OJK Fines Finance Influencer Belvin Tannadi Rp5.35 Billion for Stock Manipulation

by Priya Shah – Business Editor

Jakarta – Indonesia’s Financial Services Authority (OJK) has imposed a Rp5.35 billion (approximately $336,000 USD) fine on financial influencer Belvin Tannadi, known online as @belvinvvip, for manipulating stock trading and disseminating misleading information to the public.

The penalty stems from an investigation into Tannadi’s activities between 2021 and 2022, during which he allegedly promoted specific stocks on social media even as simultaneously engaging in transactions that contradicted his public recommendations, according to Hasan Fawzi, the Acting Head Executive of Capital Market Supervision, Derivatives Finance, and Carbon Exchange at the OJK.

“Our examination team has found and proven that the influencer in question provided inaccurate information through social media regarding one or more stocks, or recommended buying or selling certain shares while simultaneously conducting transactions contrary to the information or recommendations he conveyed through social media,” Fawzi stated during a press conference at the Indonesia Stock Exchange (IDX) in Jakarta on Friday.

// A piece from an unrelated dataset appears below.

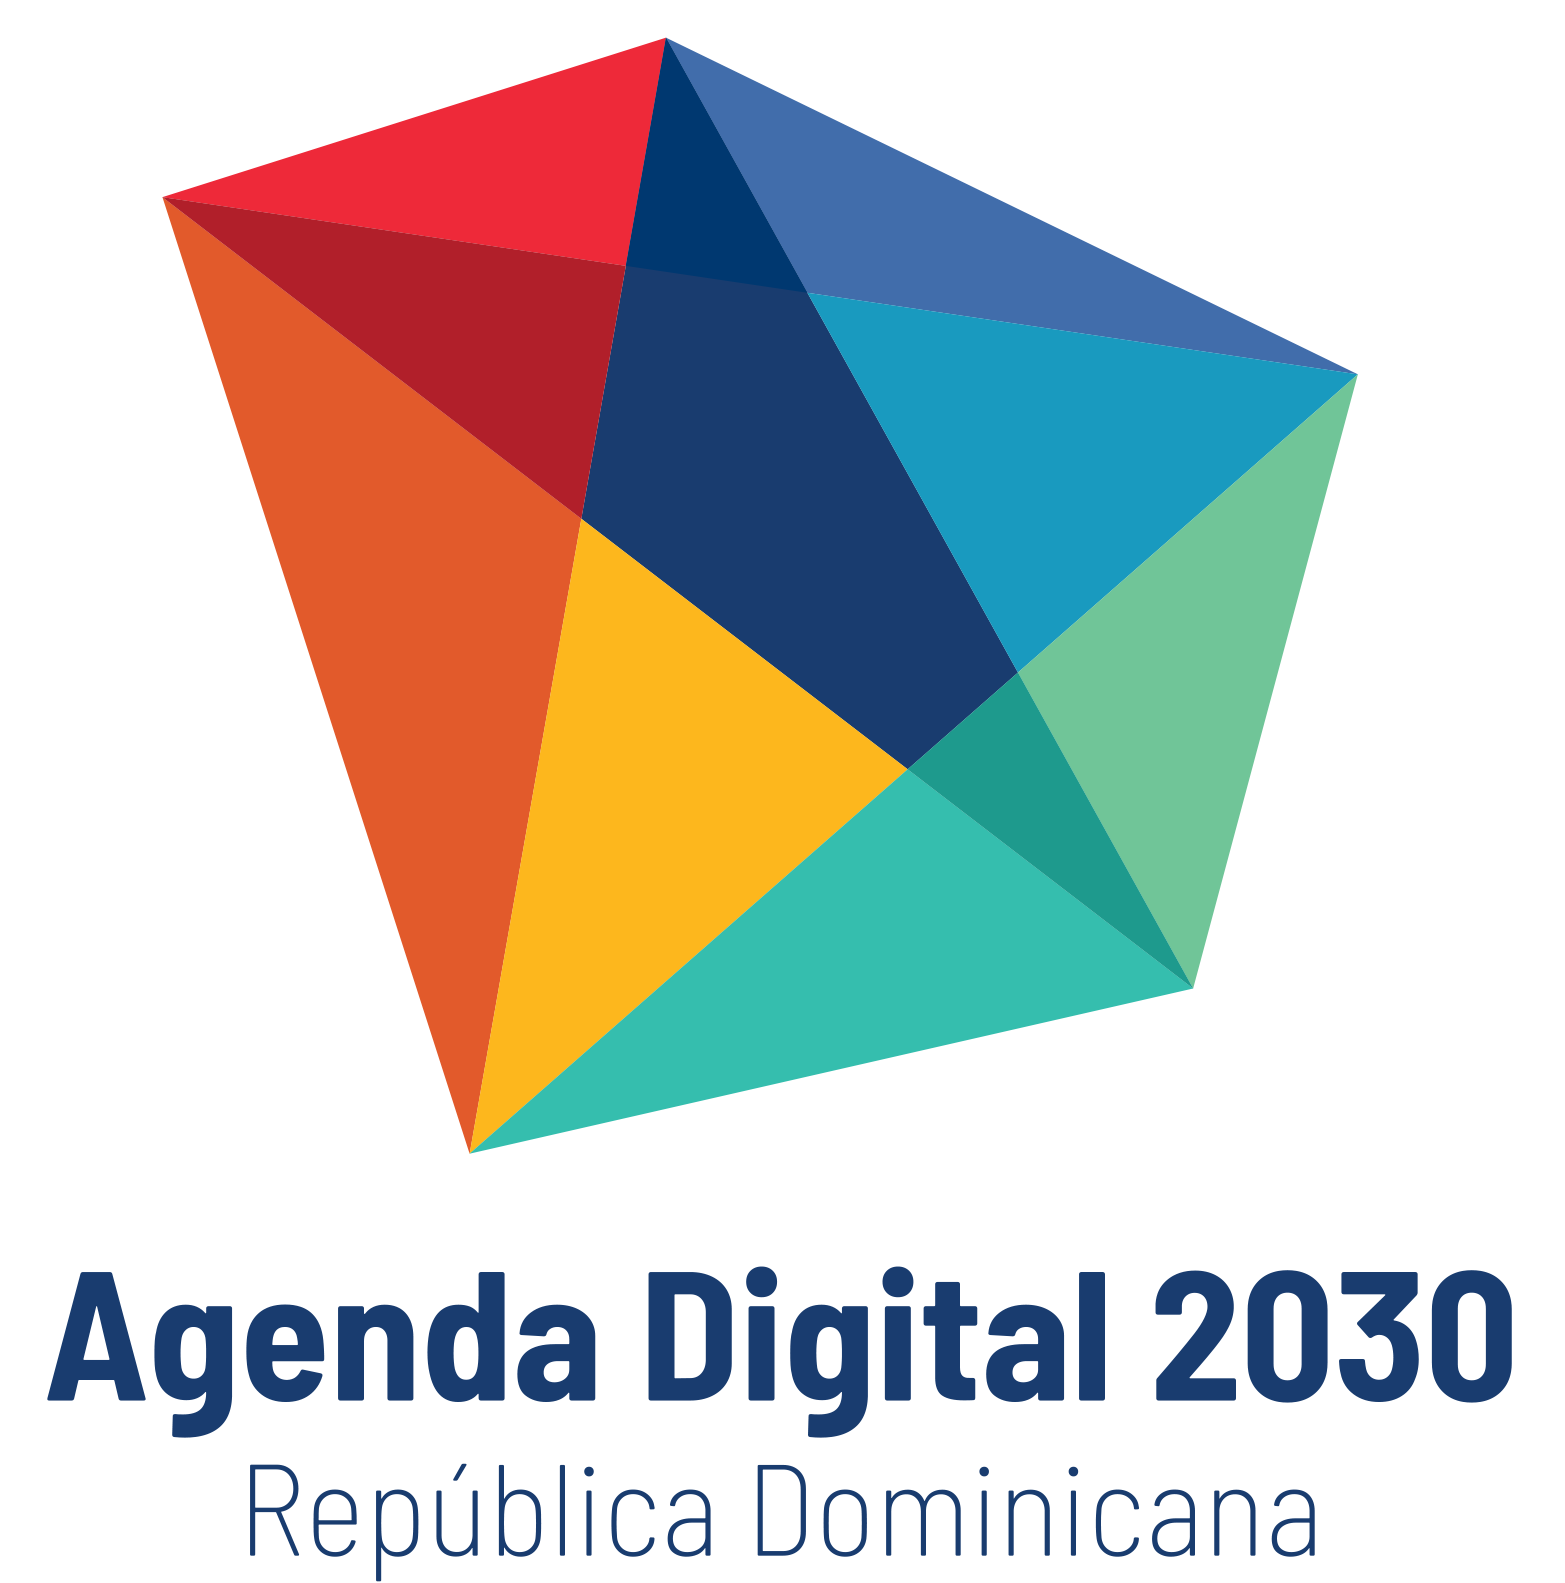 Agenda Digital 2030

The OJK’s investigation focused on trading activity in three publicly listed companies: PT Agro Yasa Lestari Tbk (AYLS) between September 1 and September 27, 2021, and November 8 to December 29, 2021; PT MD Pictures Tbk (FILM) from January 12 to December 27, 2021; and PT Bintang Samudera Mandiri Lines Tbk (BSML) from March 8 to June 17, 2022. The OJK found that Tannadi utilized nominee accounts to create artificial demand and inflate stock prices, distorting market mechanisms.

“This is clearly an act of stock trading manipulation. This behavior creates a false impression of trading in these shares,” Fawzi added.

Beyond the substantial financial penalty, the OJK is considering restrictions on Tannadi’s social media activities. The agency is likewise reviewing the eligibility of the investment accounts used as nominees, potentially leading to further investigations and sanctions. The violations are based on articles 90, 91, and 92 of the Capital Market Law, as amended by articles 22 paragraphs 33, 34, and 35 of the Financial System Strengthening and National Economic Recovery Law (P2SK).